[Information shown]
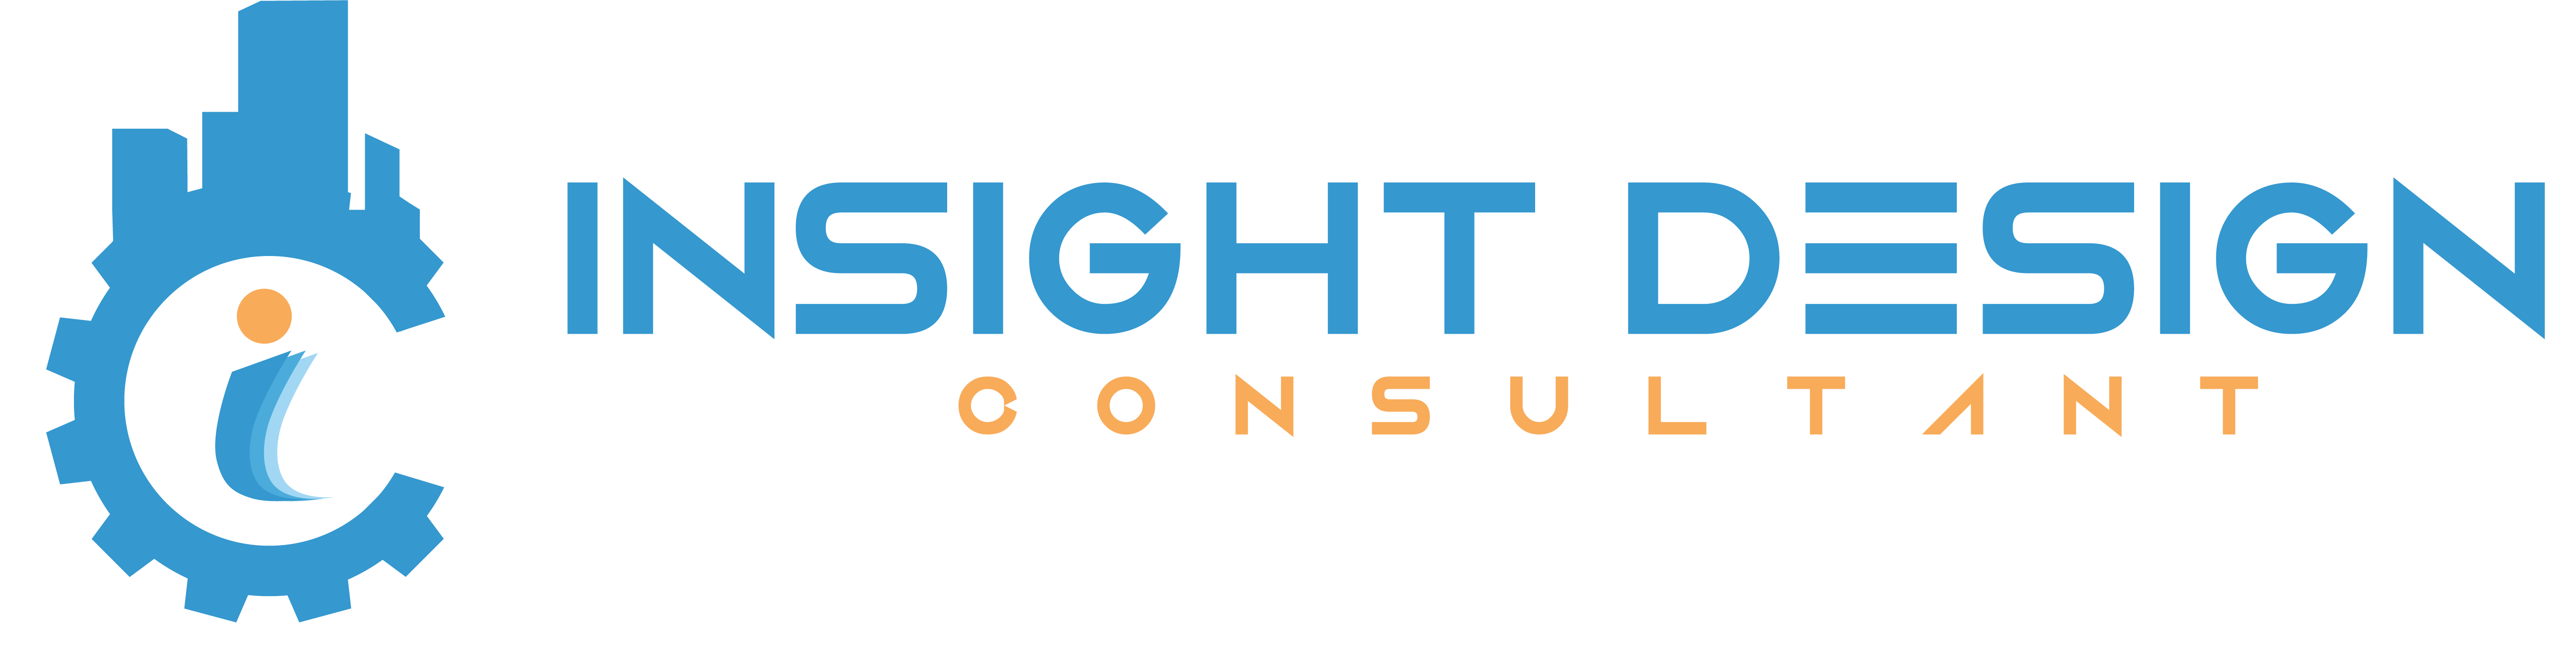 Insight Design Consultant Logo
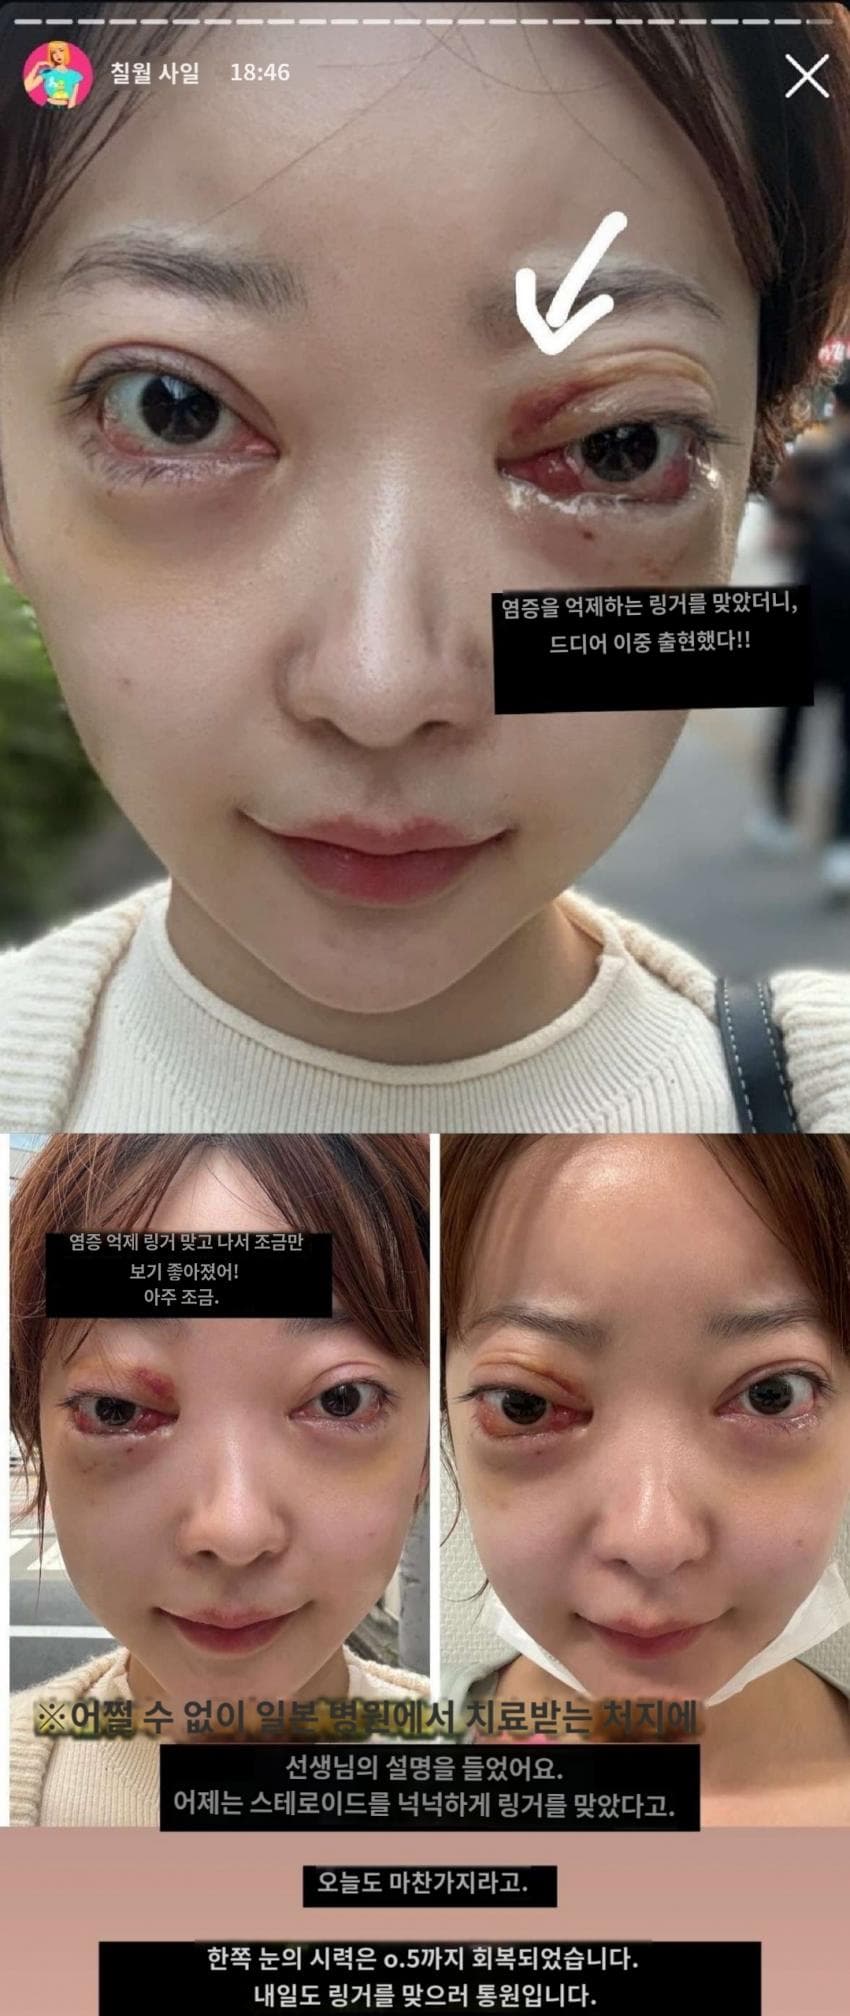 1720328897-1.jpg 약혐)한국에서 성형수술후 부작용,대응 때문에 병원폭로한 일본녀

* * *

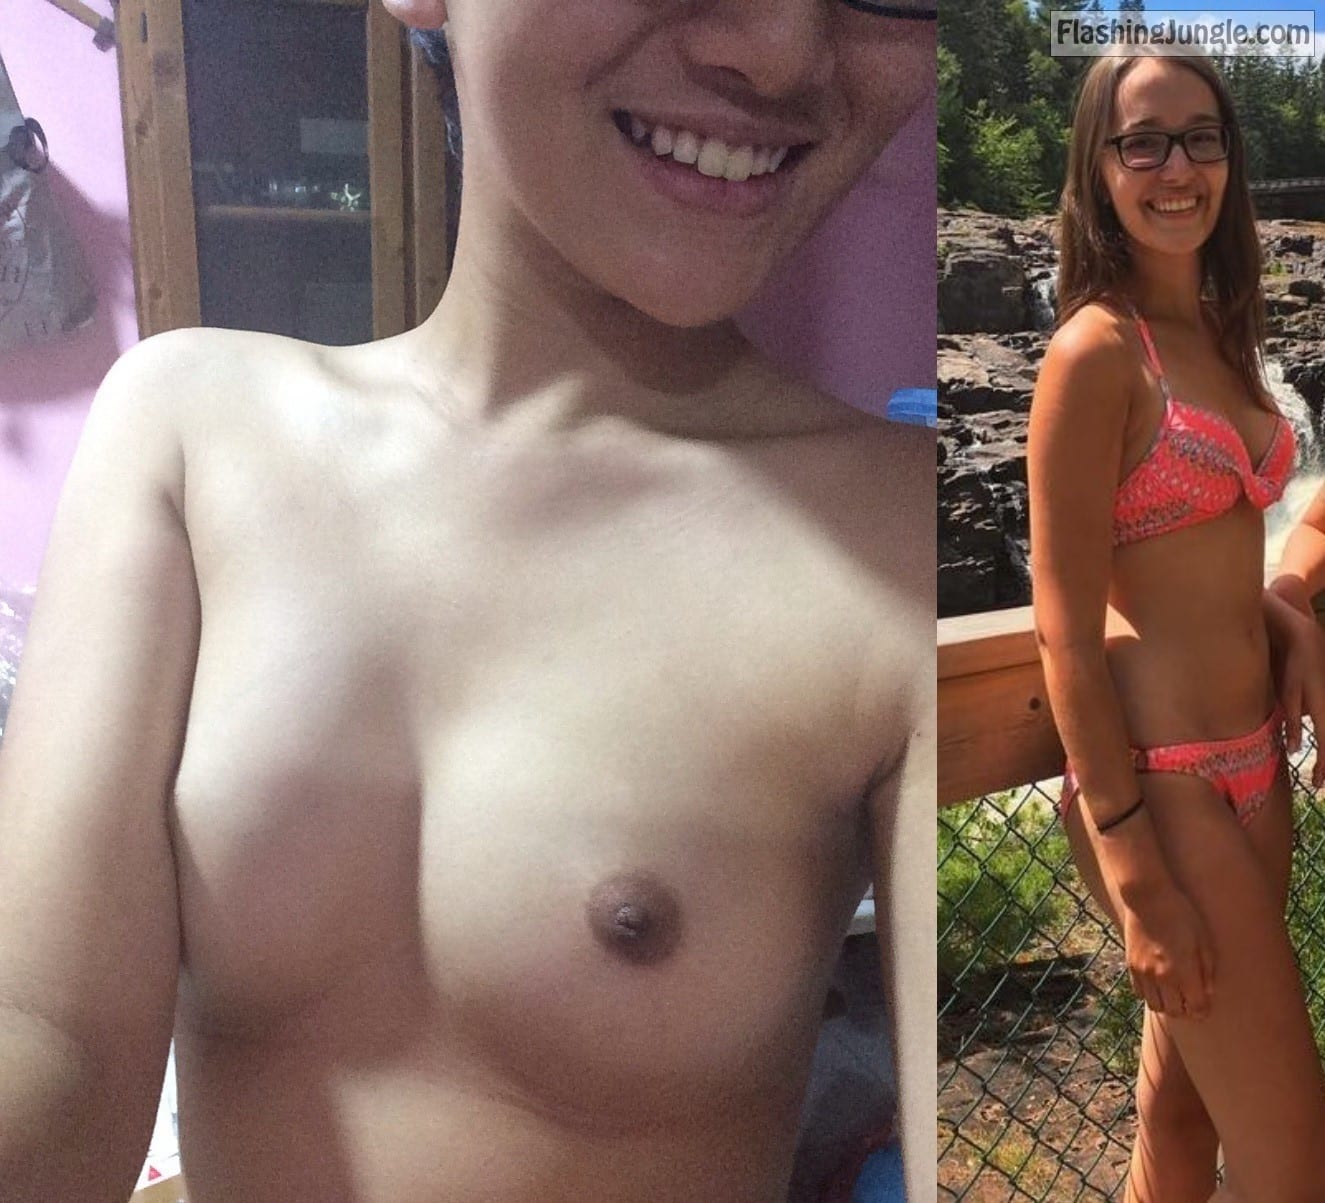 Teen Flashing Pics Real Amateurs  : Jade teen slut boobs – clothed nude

---

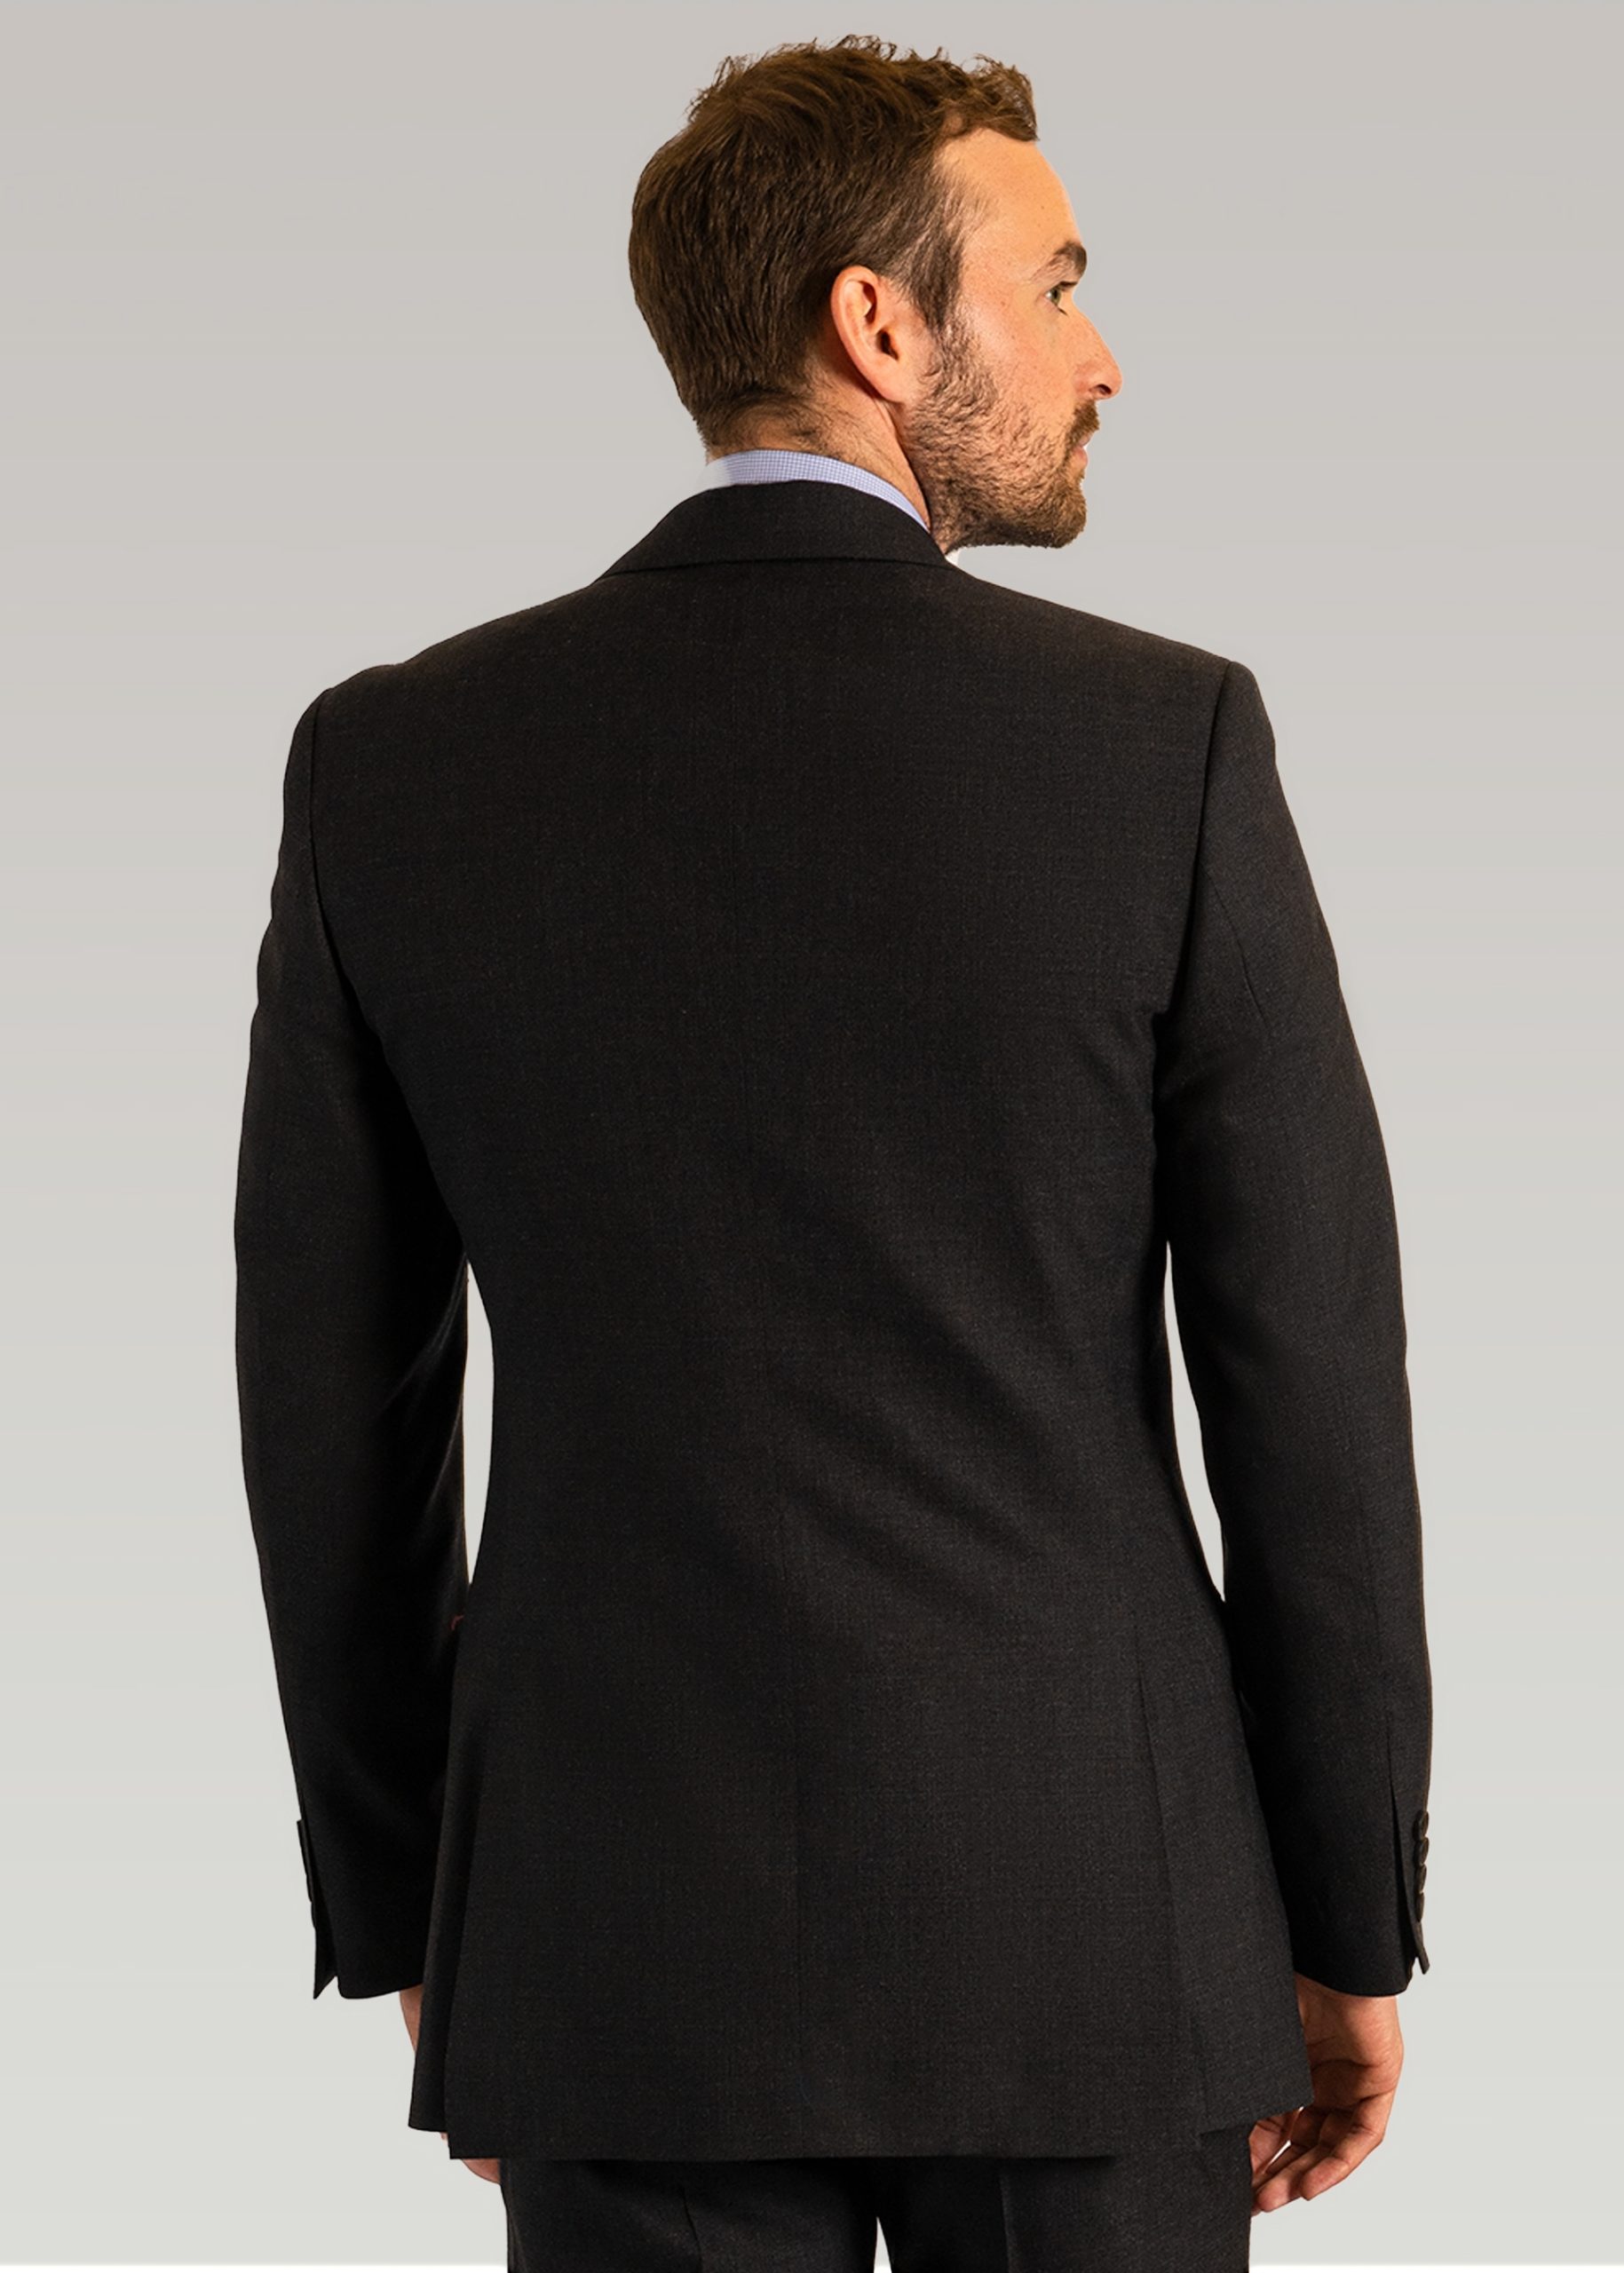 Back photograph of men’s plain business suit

[Activity]
When copying from the data above, begin at the line containing "Insight Design Consultant Logo" and end at the line containing "1720328897-1.jpg 약혐)한국에서 성형수술후"; return those lines exactly and leave all pictures behind.

[Solution below]
 Insight Design Consultant Logo
 1720328897-1.jpg 약혐)한국에서 성형수술후 부작용,대응 때문에 병원폭로한 일본녀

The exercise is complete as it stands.